В пальто, с книгой в руке, заложив страницу пальцем, я выхожу из дома. Мне весело, и я кажусь себе очень спокойным. Книга покорно греет ладонь. Волосы на непокрытой голове осторожно шевелятся под слабым ветром, как пробуждающиеся змеи. Я думаю о весне, об островах, позднем завтраке, последнем объятии, о белых мраморных колоннах каких-то домов, о белых, как настаивал Григорий, тряпочках, — одним словом, я не думаю ни о чем. Может ли Медуза Горгона безбоязненно взглянуть на свое отражение.
Я не тороплюсь, что, может быть, гаже спешки. Я не совершил ни преступления, ни подвига, ничего сверх своих сил, и из того, что мог, тоже ничего. Поэтому я спокоен и менее всего расположен к чувству жалости, безразлично к кому и по какому поводу. Крис уже вторую неделю не живет дома: мы поссорились и не помирились. Я вспоминаю эти последние ссоры, когда страсти накалялись настолько, что с крика мы переходили на трагический шепот. Репетиция застенка: когда ты перебесишься когда ты поумнеешь, когда-когда. Кефир она, впрочем, изредка приносит. Я нахожу это трогательным, а в целом довольно равнодушен и к Крис, и к кефиру. Готовые бомбы лежат в каком-то конспиративном чулане. Аристотель ведет наблюдения.

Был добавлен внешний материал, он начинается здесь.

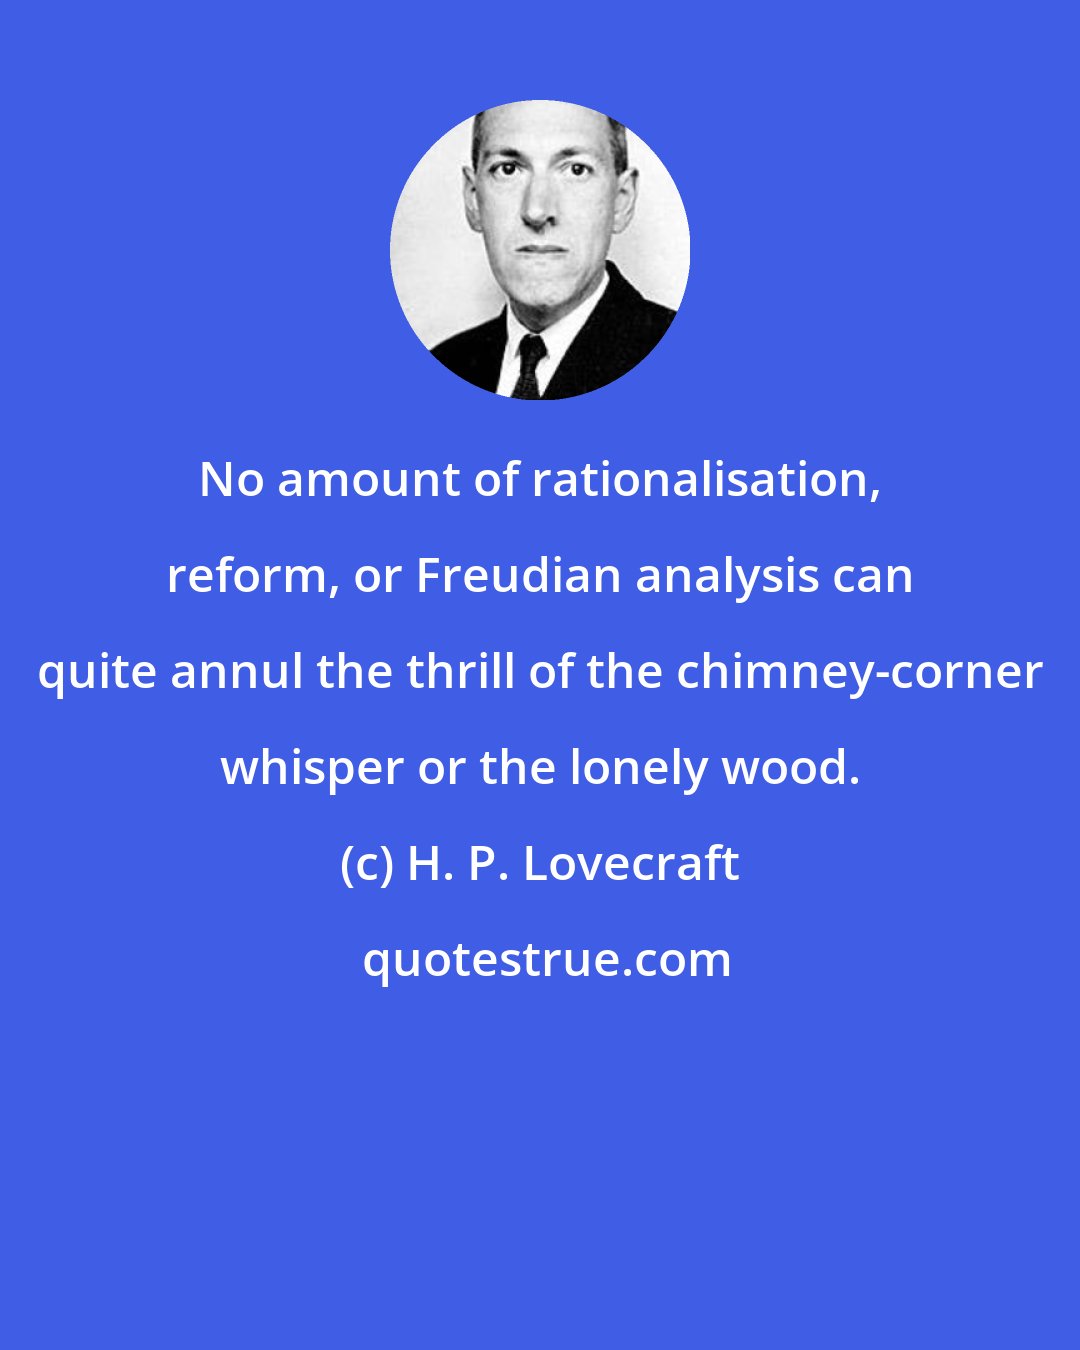 H. P. Lovecraft: No amount of rationalisation, reform, or Freudian analysis can quite annul the thrill of the chimney-corner whisper or the lonely wood.
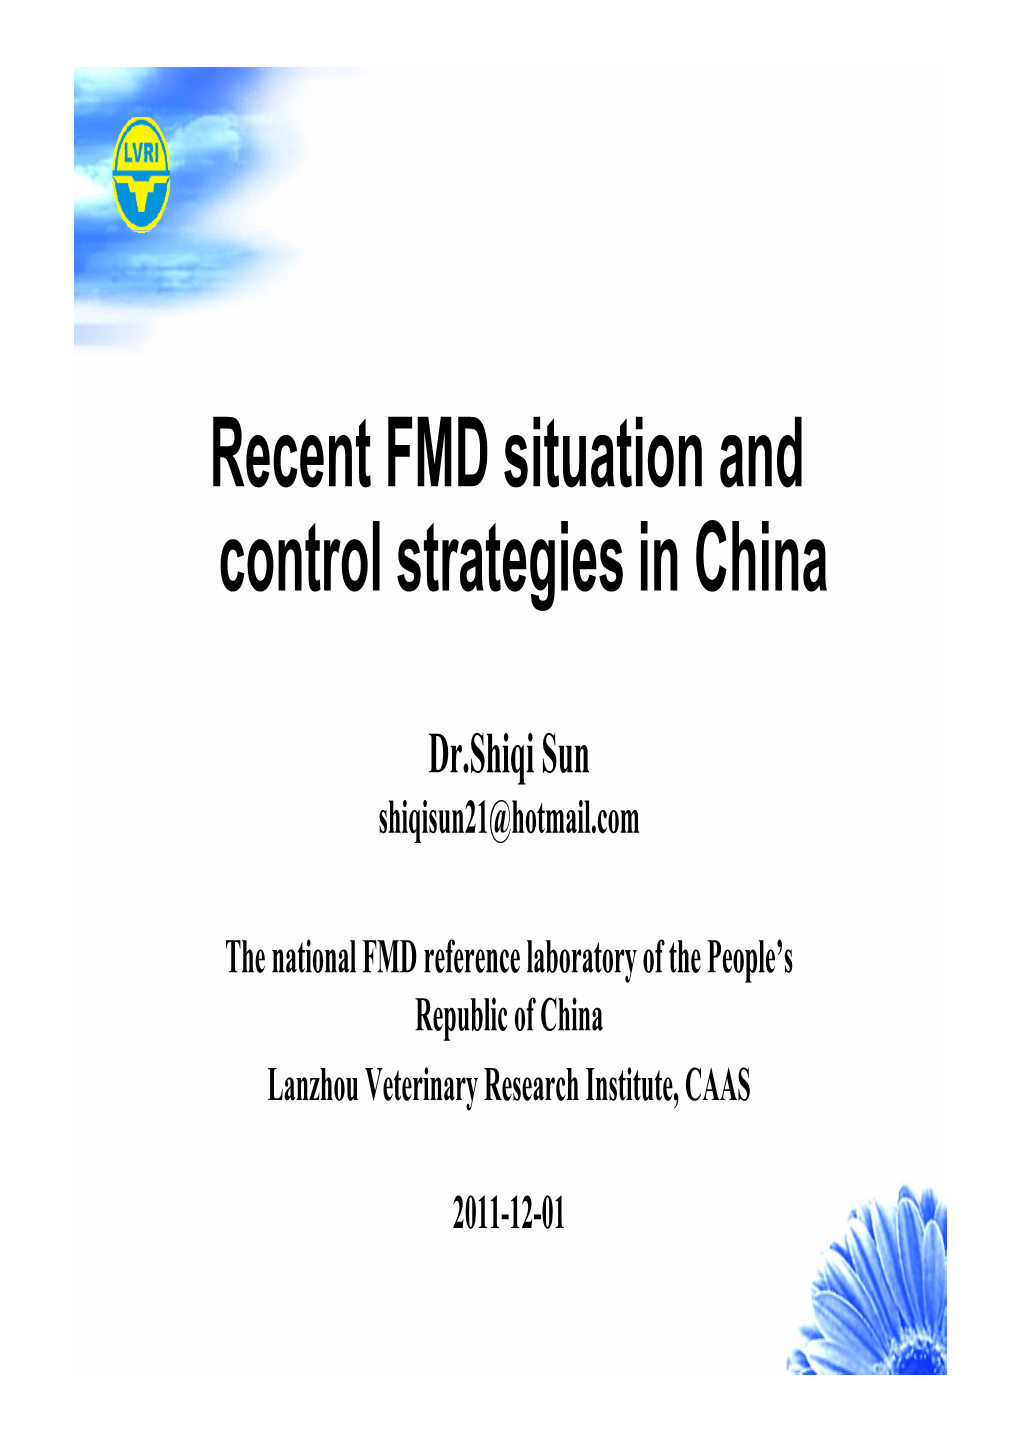 Recent FMD Situation and Control Strategies in China

Я иду через мост. Подо мной и под мостом вздувается потемневший лед, сквозь трещины в котором медленно проступает черная вода. Черные пятна воды на желтом и зеленом льду расплываются, бледнеют. Исчезают дорожки, протоптанные зимой бесстрашными, вечно спешащими бездельниками-студентами; исчезают сугробы. Уже пахнет водой, по-другому пахнет нежный город.
Я иду по улице. Среди идущих мне навстречу людей мой взгляд машинально отмечает красивые лица, красивую одежду. Девочки и мальчики, модники в легкой обуви редкими светлыми бабочками украшают Конногвардейский бульвар. Здесь чисто, богато. Хорошие машины припаркованы в положенных местах, мягко блестят витрины, фасады домов. Снег всюду убран. На набережной Мойки бравая бригада рабочих в ярких спецовках дружно кладет асфальт. Все правильно; опрятный рабочий люд на опрятном фоне есть главный символ общего процветания.
Я иду в сторону Садовой. Здесь победнее, но все еще опрятно. Достойная бедность: нищета если и присутствует, то только в виде страха перед нею, а чаще всего нет и страха, лишь смутная жалость тех, у кого всего очень мало, к тем, у кого нет вообще ничего. А вот, например, те, у которых есть все: в обрез, в достаточном количестве, в избытке. Теоретически страх в них должен возрастать по мере возрастающего благосостояния: страх перемен, потерь, той же нищеты. На практике немногочисленные богатые люди, которых я повстречал, мало отклонялись от известных мне стереотипов и были не более и не менее нормальны, чем честные буржуа, бедняки и изгои, и что-то я не наблюдал, чтобы они чего-то боялись или не могли думать ни о чем, кроме своих денег.
Да, и куда же это мы таким образом пришли? Верно, угол Плеханова и Гороховой. Только в чьих-то чрезмерно умных головах теория и практика идут рука об руку, как дружная супружеская пара идет от алтаря до могилы. У дружной супружеской пары на протяжении пути свои забавы, но где, по крайней мере, тот алтарь, где сочетались постигающий ум и постигаемая им реальность? Допустим, я думаю о нищете и процветании. Вот прекрасный дом в прекрасном месте, половина — выкуплена, половина — коммуналки. Ну и что, какая из этого следует мораль, да никакой. Бомба конкурента-завистника взорвет богатую квартиру вместе с ее скромными соседями прежде, чем последние успеют осознать себя как притесняемый класс. Или никто ничего не взорвет, и жильцы выкупленных коммуналок благополучно поедут на озеро Долгое. Или все же взорвут, но жильцы накануне уедут все туда же и будут жить на озере Долгом долго и счастливо, плодить рабочих, ученых, артистов балета, торчков, честных трезвенников и террористов. Тем же самым будут заниматься и в богатых квартирах, и тех же самых будут плодить, разве что рабочих наплодят меньше, чем торчков.
В глубокой задумчивости я вылетаю на проезжую часть и незамедлительно получаю неслабый удар в бок бампером. Я поднимаюсь, выслушиваю справедливые упреки и говорю, что да, виноват, что больше не буду. Где мораль? Как-то меня сбила машина, когда я на зеленый свет переходил Владимирский на углу авеню Двадцать Пятого Октября. Тот мужик, кстати, в отличие от этого не остановился, и машина у него была паршивая, не то что новенькая «ауди», в которой мне сейчас предлагают доехать до травмпункта. Я благодарю, отказываюсь, еще раз приношу извинения и иду дальше, на ходу прилаживая практику к теории.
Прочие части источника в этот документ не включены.